Naturally, this is a very biased rant against the evils of communism. Let's just say I would rather live in my own house in Africa than in the government's house in the USSR. Speaking in terms of communism, if the Spice Girls sold more than 23 million records and Nile needs to sell 1 million records to make ends meet, then surely the Spice Girls should buy a shit load of Nile albums. Now in theory that's not a bad idea at all, but in practice, if you had a socialist system, where would that money ultimately originate? How would the Spice Girls sell 23 million records if each person can only afford to buy one album? Would a band like Nile even exist in such a system, where choice is so limited? What would the Spice Girls do with a million of the same album?

The Spice Girls
The Spice Girls. The Marxist labour theory of value dictates that since the Spice Girls can hardly play any instruments, and Nile can play their instruments at near virtuoso level in their genre, each Spice Girl has to buy about a million copies of Nile's Black Seeds of Vengeance. Don't worry, it makes no sense to me either.

You can get a more balanced account of the entire argument on the Wikipedia page of the economic calculation problem. If you really want to feel your brain get smaller, read the counter arguments and notice how piss poor they are. Especially with regards to the surprising accuracy of prediction markets and supposedly the empirical evidence they bring along with them. Oh yes, not to mention that the USSR could not sustain itself while Hong Kong is a decidedly more advanced place to live.

Clearly, Nile's music just makes me angry. The Egyptian flavours in their lyrics just remind me that socialism is trying to reinvent the wheel when we are already conceptualising time travelling.

William J.H. Boetscker's Ten Cannots (not so common sense)

  1. You cannot bring about prosperity by discouraging thrift.

  2. You cannot strengthen the weak by weakening the strong.

  3. You cannot help little men by tearing down big men.

  4. You cannot lift the wage earner by pulling down the wage payer.

  5. You cannot help the poor by destroying the rich.

  6. You cannot establish sound security on borrowed money.

  7. You cannot further the brotherhood of man by inciting class hatred.

  8. You cannot keep out of trouble by spending more than you earn.

  9. You cannot build character and courage by destroying men's initiative and independence.

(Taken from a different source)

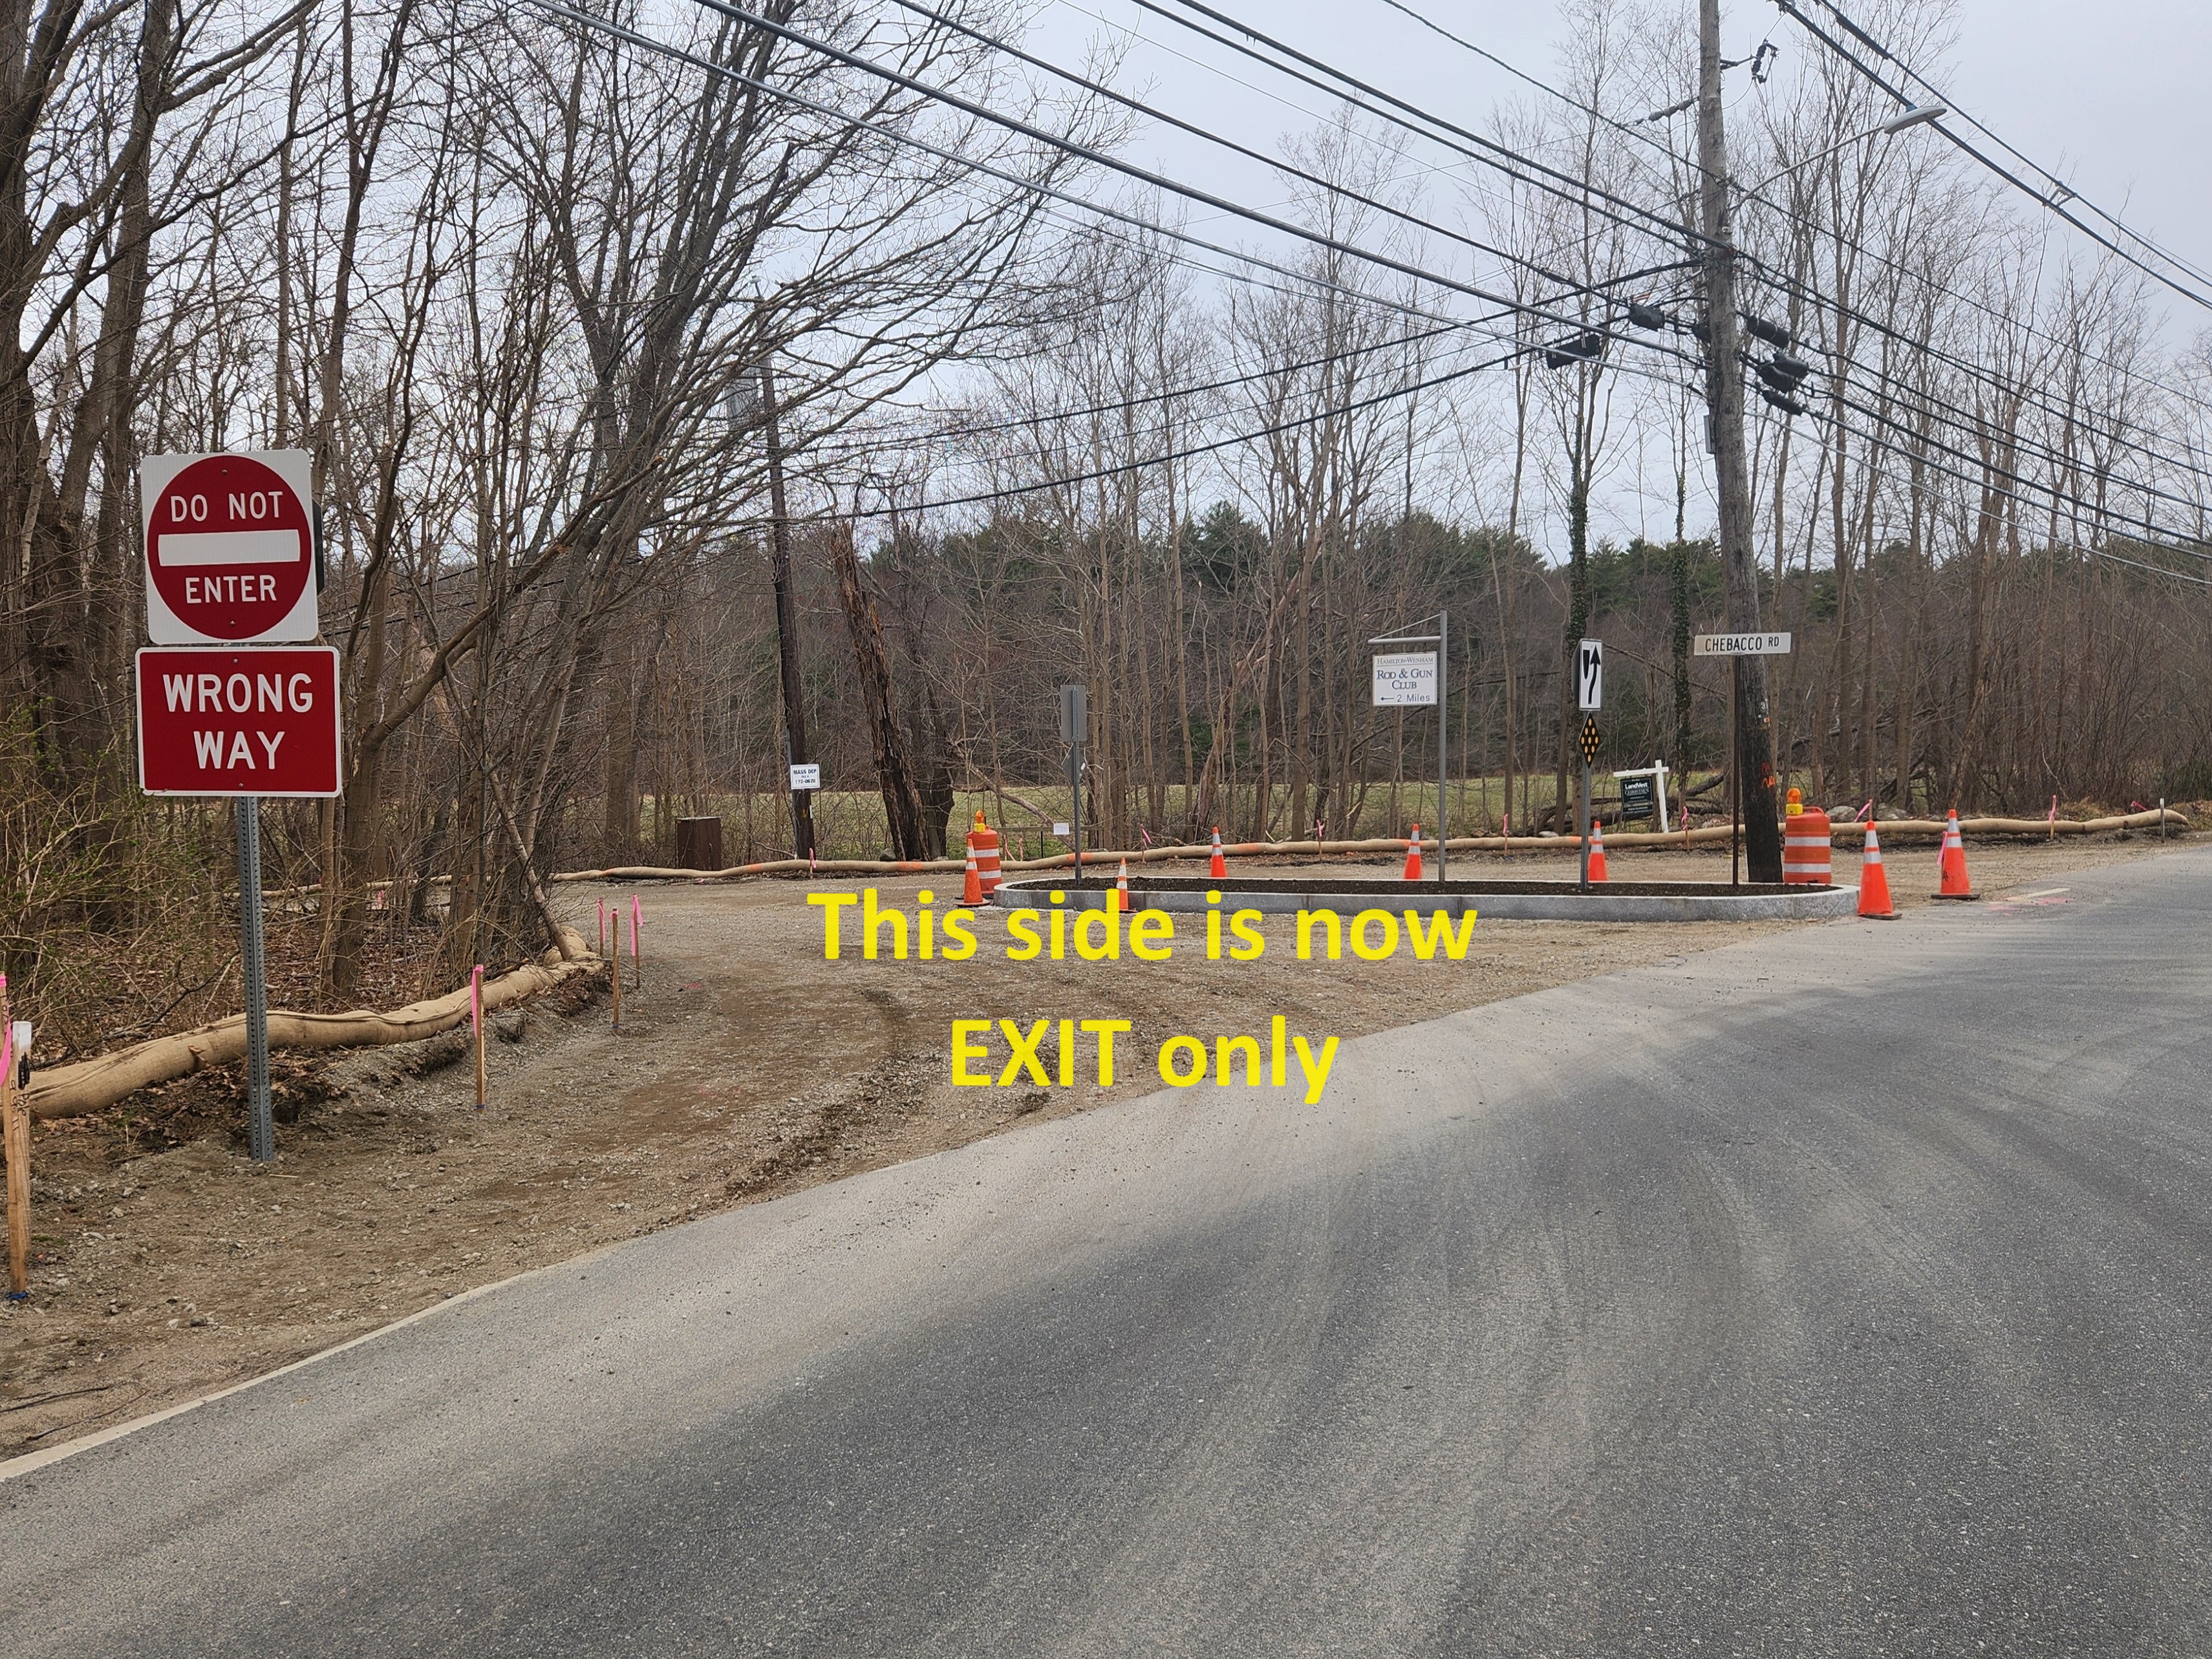 New traffic flow change for Chebacco Rd at Essex St intersection.

  10. And you cannot help men permanently by doing for them what they can and should do for themselves.

Track listing

  1. Invocation of the Gate of Aat-Ankh-es-en-Amenti

  2. Black Seeds of Vengeance

  3. Defiling the Gates of Ishtar

  4. The Black Flame

  5. Libation Unto the Shades Who Lurk in the Shadows of the Temple of Anhur

  6. Masturbating the War God

  7. Multitude of Foes

  8. Chapter for Transforming into a Snake

  9. Nas Akhu Khan she en Asbiu

  10. To Dream of Ur

  11. The Nameless City of the Accursed

  12. Khetti Satha Shemsu


Mostafa Abd el Aziz: arghoul.
Aly et Maher el Helbney : respirations on "The Nameless City of the Accursed".
Mohammed el Hebney: additional chants on "Khetti Satha Shemsu".
Peter Hammoura: vocals, additional drums.
Derek Roddy: drums.
Karl Sanders: vocals, guitar.
Dallas Toler-Wade: vocals, guitar.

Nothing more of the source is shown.